At the Network level this is part of the fundamental shift already underway. A shift from resource centric (Cloud) based data centers supporting interconnected centralized internal IT networks towards de-centralized networks of small-distributed devices. This introduces a shift in data traffic patterns, as much of the new IOT traffic will remain ‘local’ and with no obvious pattern. This change is fundamental enough to require the network technology architecture to have to change and to need a whole new lexicon of terms.
The diagram below illustrates on the left the usual visualization of a legacy IT network, frequently referred to as ‘tree and branch’ architecture, with the main data flows running to a centralized Data center, or master server. Interconnection with other external Internet resources are, ideally, from the IT security point of view made through well-managed gateways at the Data Centre. The term ‘north-south’ is used to describe the data flows in Tree and Branch architecture which are usually predictable, and manageable.
Its difficult diagrammatically to illustrate in such a neat manner the mass connected environment that IoT and Internet of Everything will introduce. The right hand illustration is a simplistic representation mainly to introduce where the various terminologies apply. Here the term North-South continues to describe conventional data flows to and from a centralized set of resources, but introduces the term East-West to describes data flows between the huge number of distributed devices that are networked.
In time East-West (or around the edge) data flows are expected to become dominant as cheap processor power and the sheer number of Devices expected to participate in ‘Smart Sessions’ will out number the more restricted functionality of conventional IT style PCs working in Client-Server Enterprise Applications inside an Enterprise.
The sharp eyed will also have spotted the addition of the term ‘Fog Computing’ to describe the new architecture in which all these IoT, and IoE, smart devices operate creating the East-West data flows. Cloud Computing by contrast supports the architecture that provides large conventional large Data Center resources in the North-South IT architecture.
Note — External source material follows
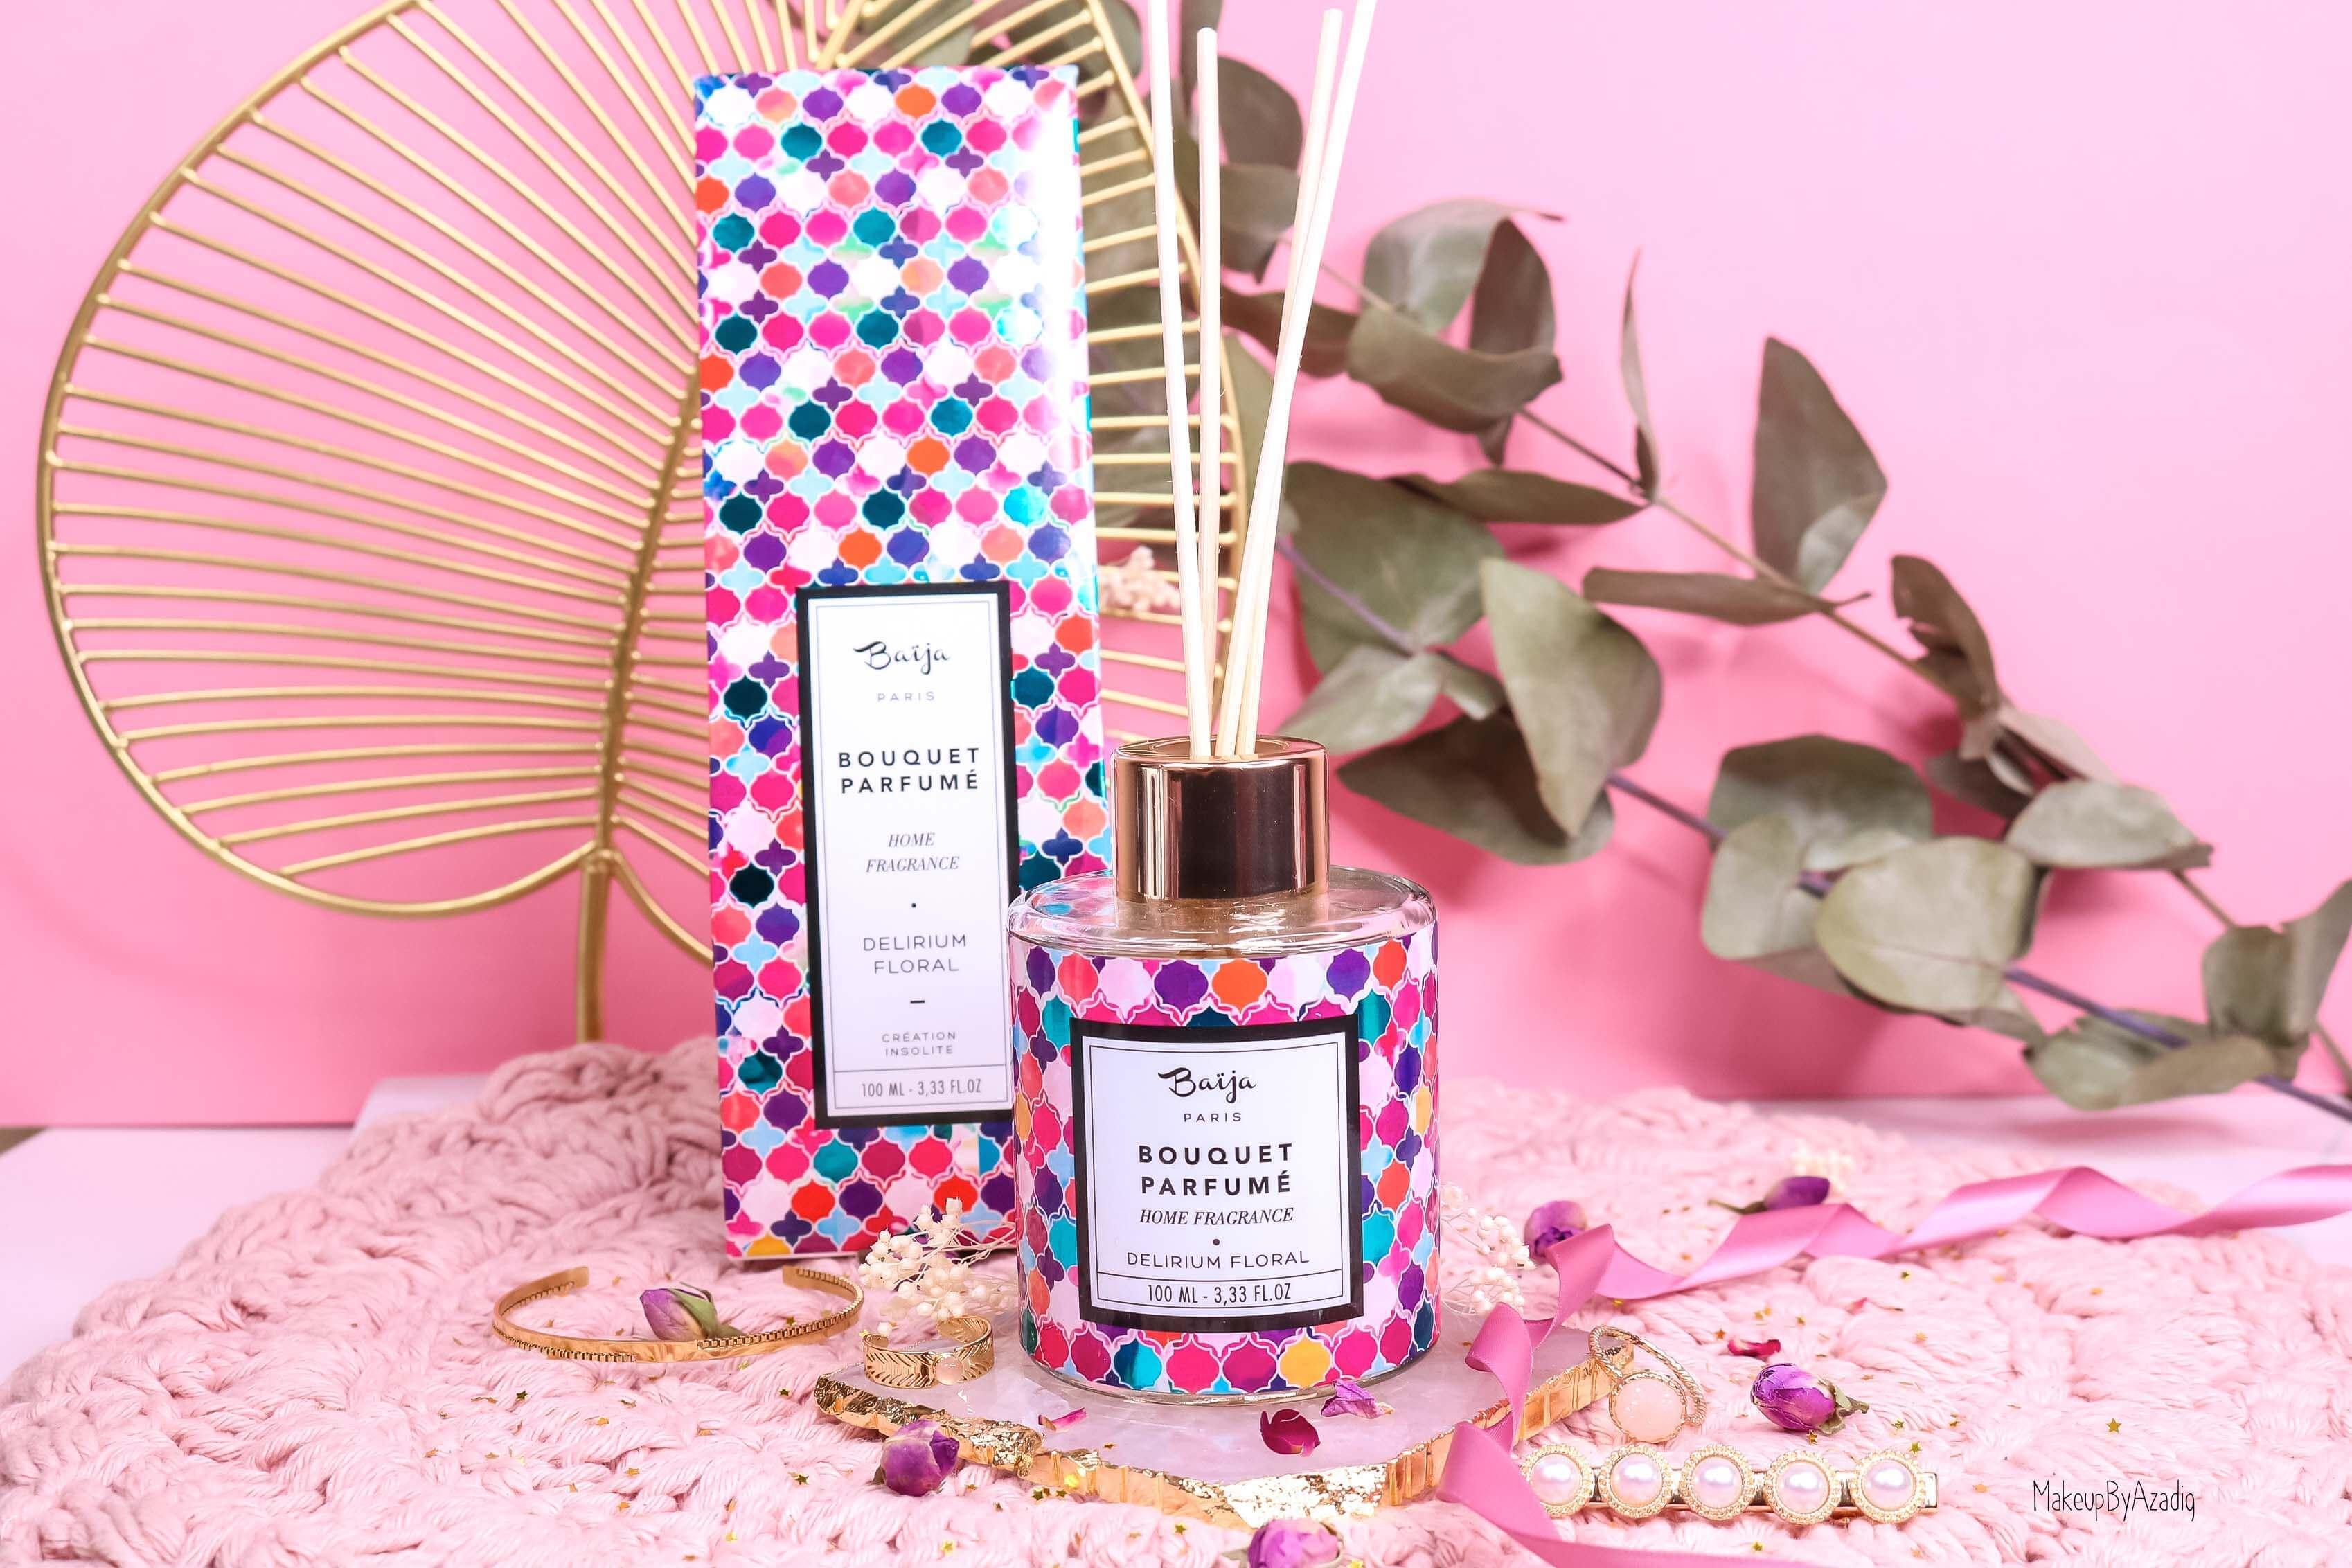 revue-collection-delirium-floral-baija-paris-corps-bougie-gommage-soin-fleurs-makeupbyazadig-avis-prix-sephora-bouquet-parfume

The term, ‘Fog’, is used by Meteorologists to describe a low level, close to ground, wide spread effect produced by the same conditions that produce Clouds high in the sky. Clouds are generally though of as being more distinctly separate entities whereas Fog swirls round and covers large areas at ground level. As such Fog makes sense as a term to be used for de centralized thin spread computing in contrast to Cloud for the defined centralized computing model. Cisco first introduced the term, but its use has spread, and become increasingly defined as a key part of the architecture required. As an example in the diagram below;
Source; http://thoughtsoncloud.com/2014/08/fog-computing/
IoT is all about Data of course, so how the data environment is made to function is clearly the next question. Cisco also use the term ‘taking the query to the data’ when talking about Fog Computing. This causes more than a little confusion, especially when considering the excellent capabilities of Salesforce and SAP IoT solutions. (Indeed it’s the question of what and how to use the data that defines the differences in the SAP and Salesforce approaches to IoT).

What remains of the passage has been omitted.